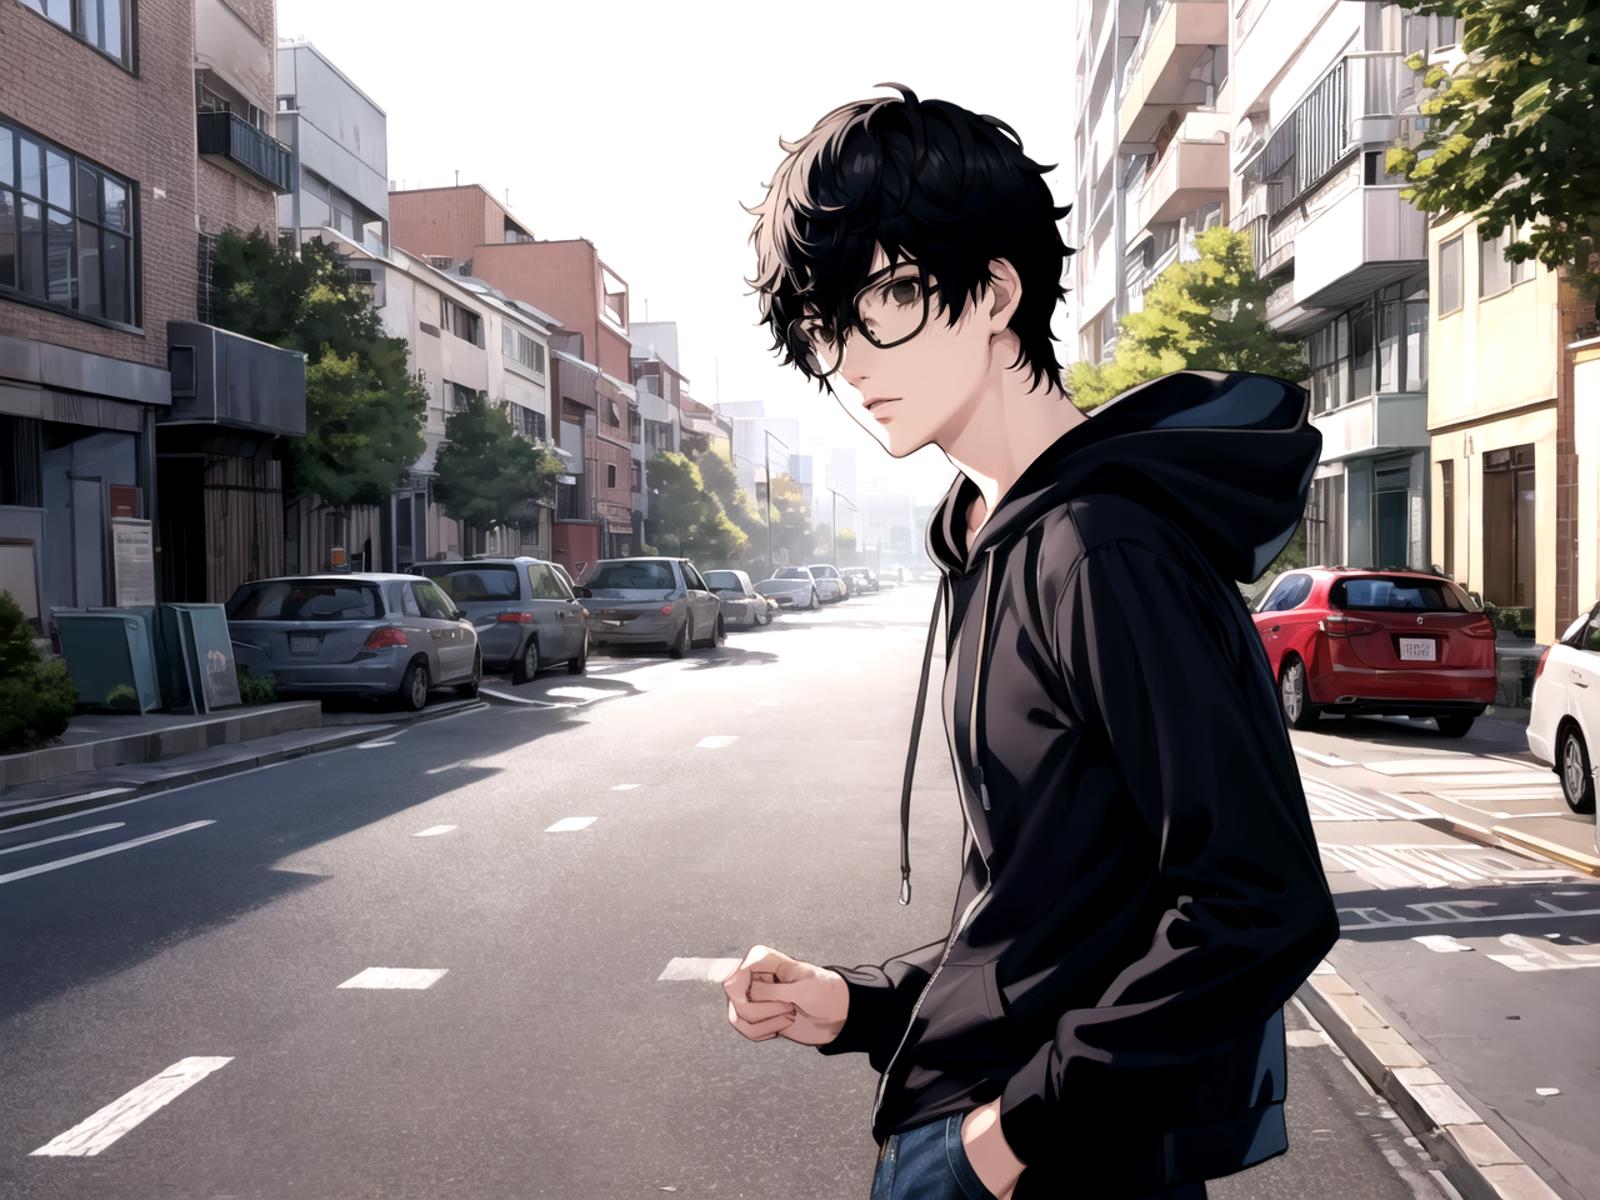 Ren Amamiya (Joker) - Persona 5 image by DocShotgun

● ● ● ● ●

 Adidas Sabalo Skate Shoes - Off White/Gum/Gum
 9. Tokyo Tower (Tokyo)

● ● ● ● ●

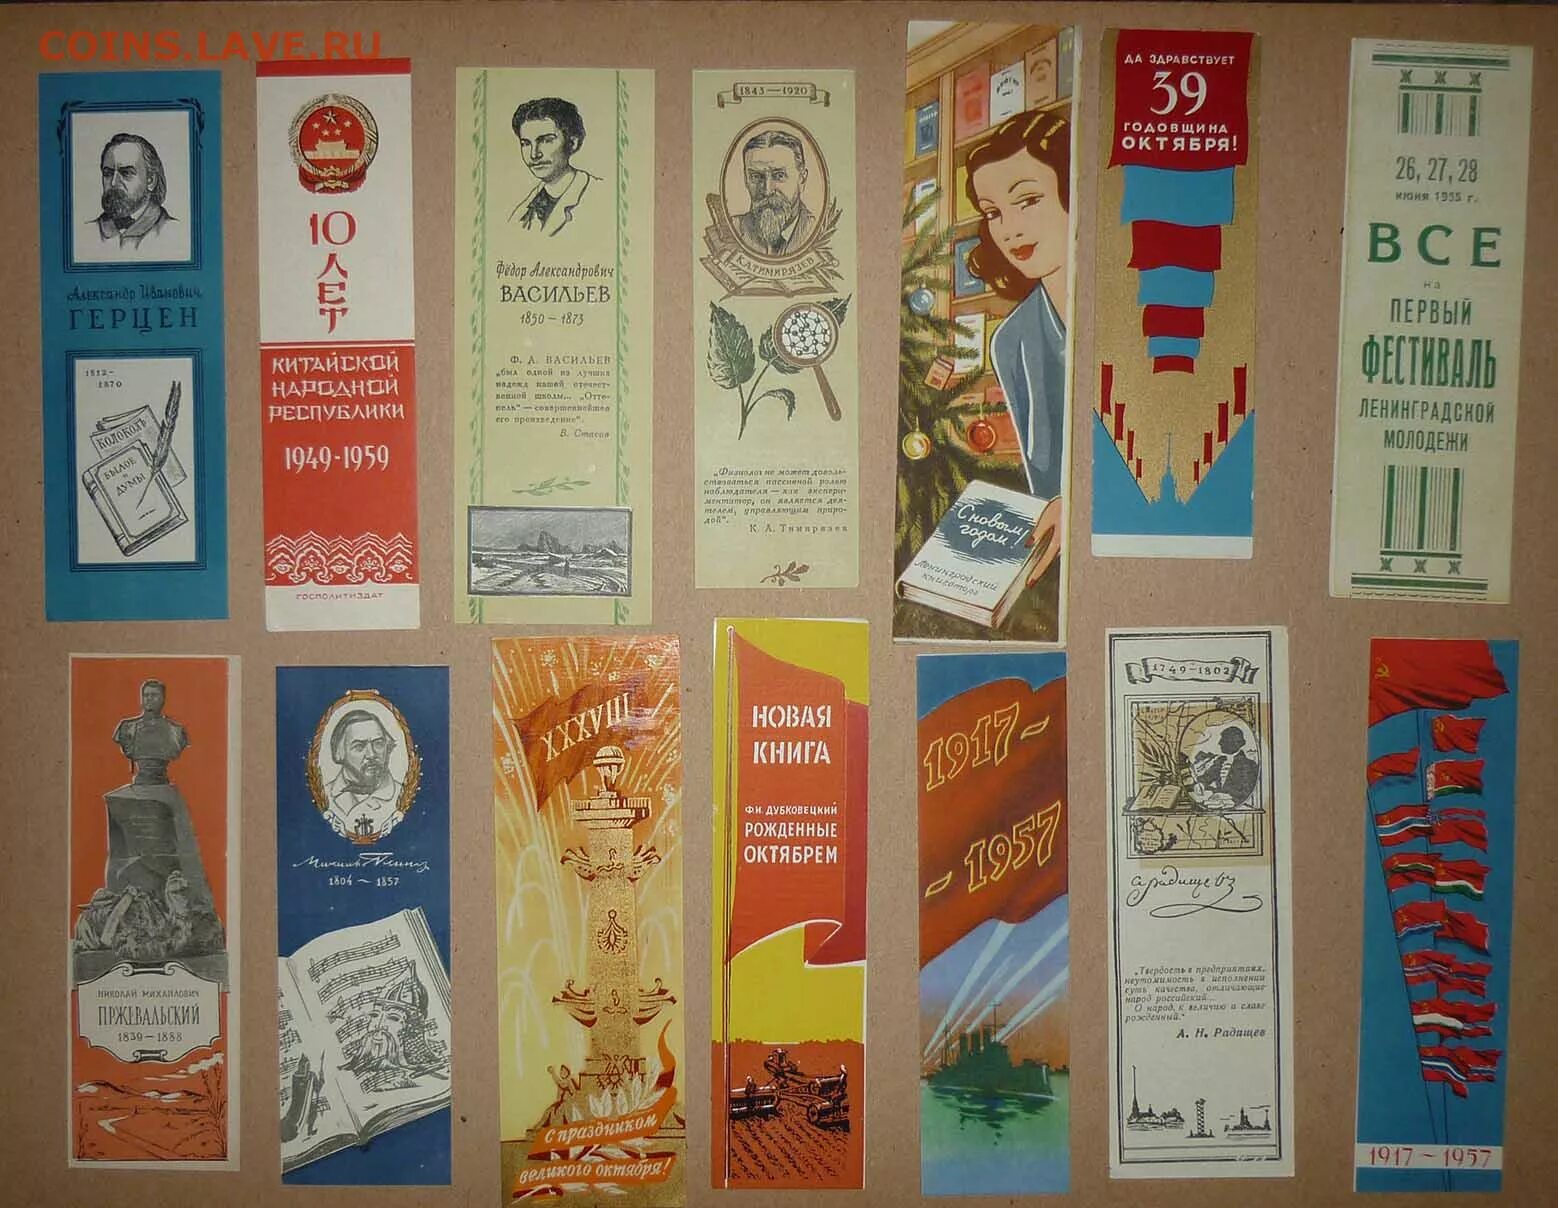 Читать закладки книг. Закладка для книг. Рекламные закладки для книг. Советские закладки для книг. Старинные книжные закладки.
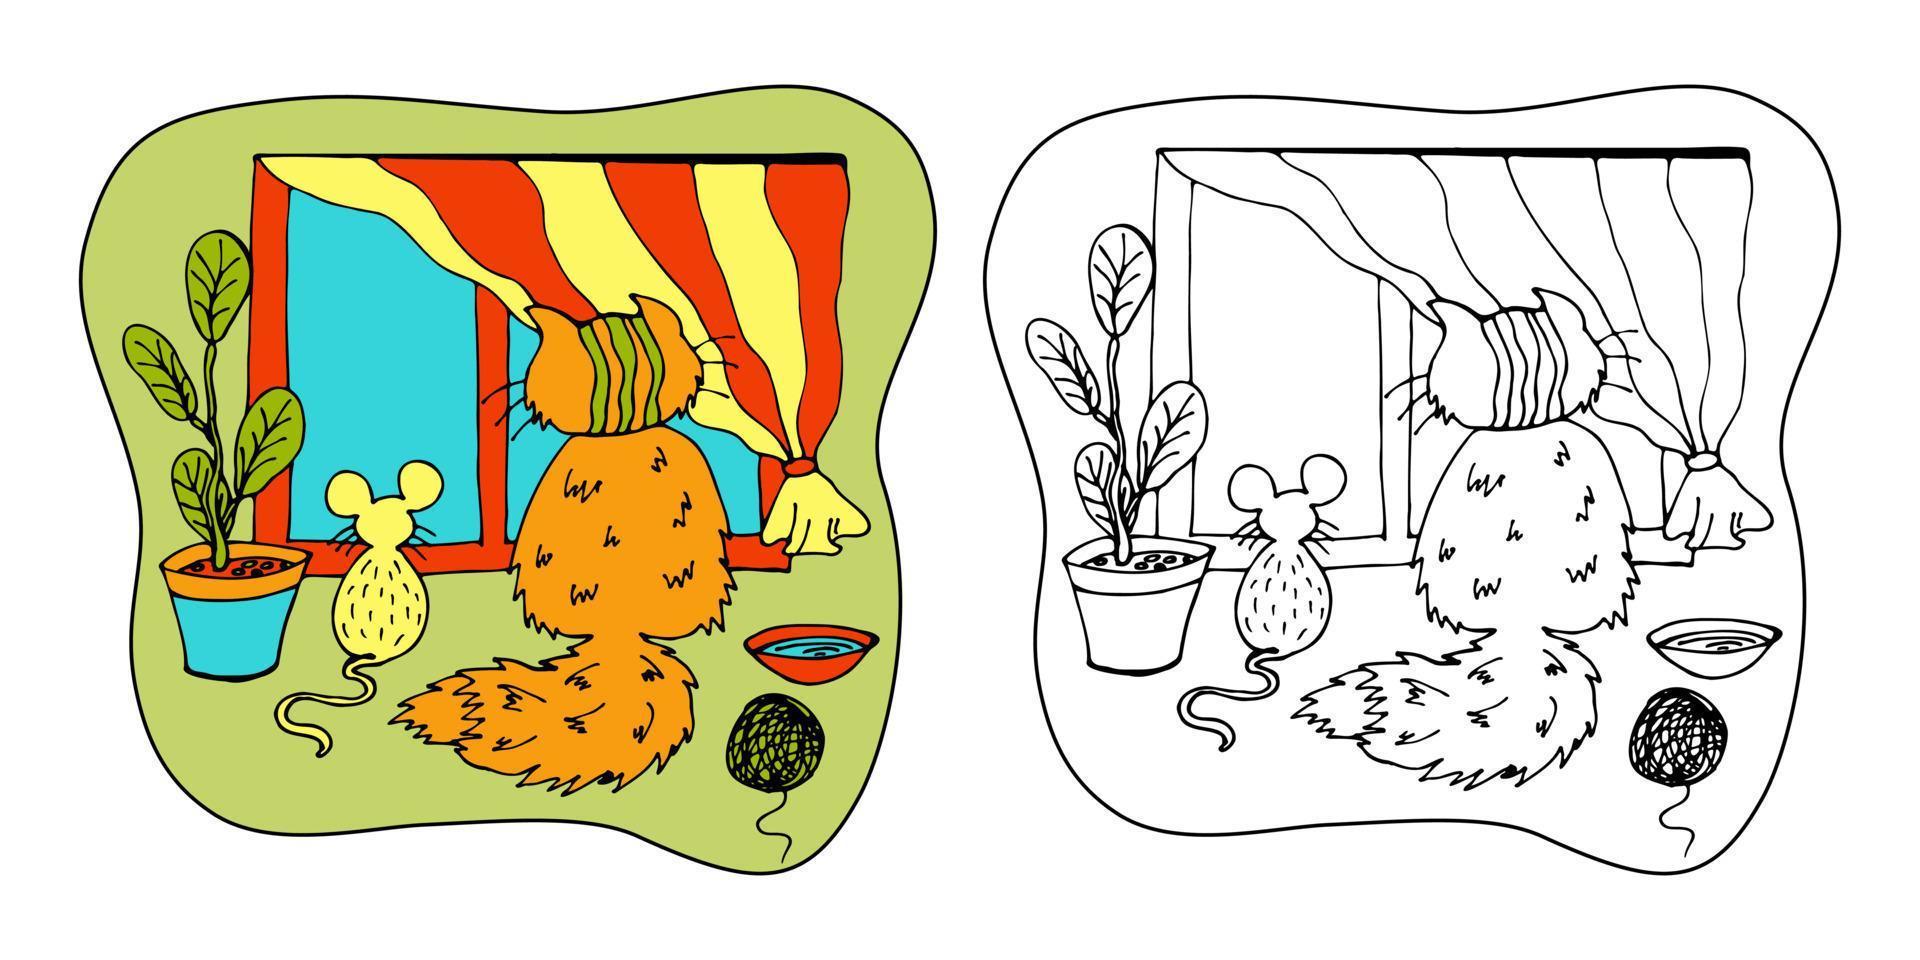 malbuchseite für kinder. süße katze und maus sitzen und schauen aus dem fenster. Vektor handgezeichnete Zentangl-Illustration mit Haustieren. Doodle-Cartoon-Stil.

● ● ● ● ●

> [INSTRUCTIONS TO FOLLOW]:
In the entries above, the lines between the one holding "Adidas Sabalo Skate" and the one holding "9. Tokyo Tower (Tokyo)", inclusive, are to be printed exactly as written, and those alone.

> [EXERCISE OUTPUT]:
 Adidas Sabalo Skate Shoes - Off White/Gum/Gum
 9. Tokyo Tower (Tokyo)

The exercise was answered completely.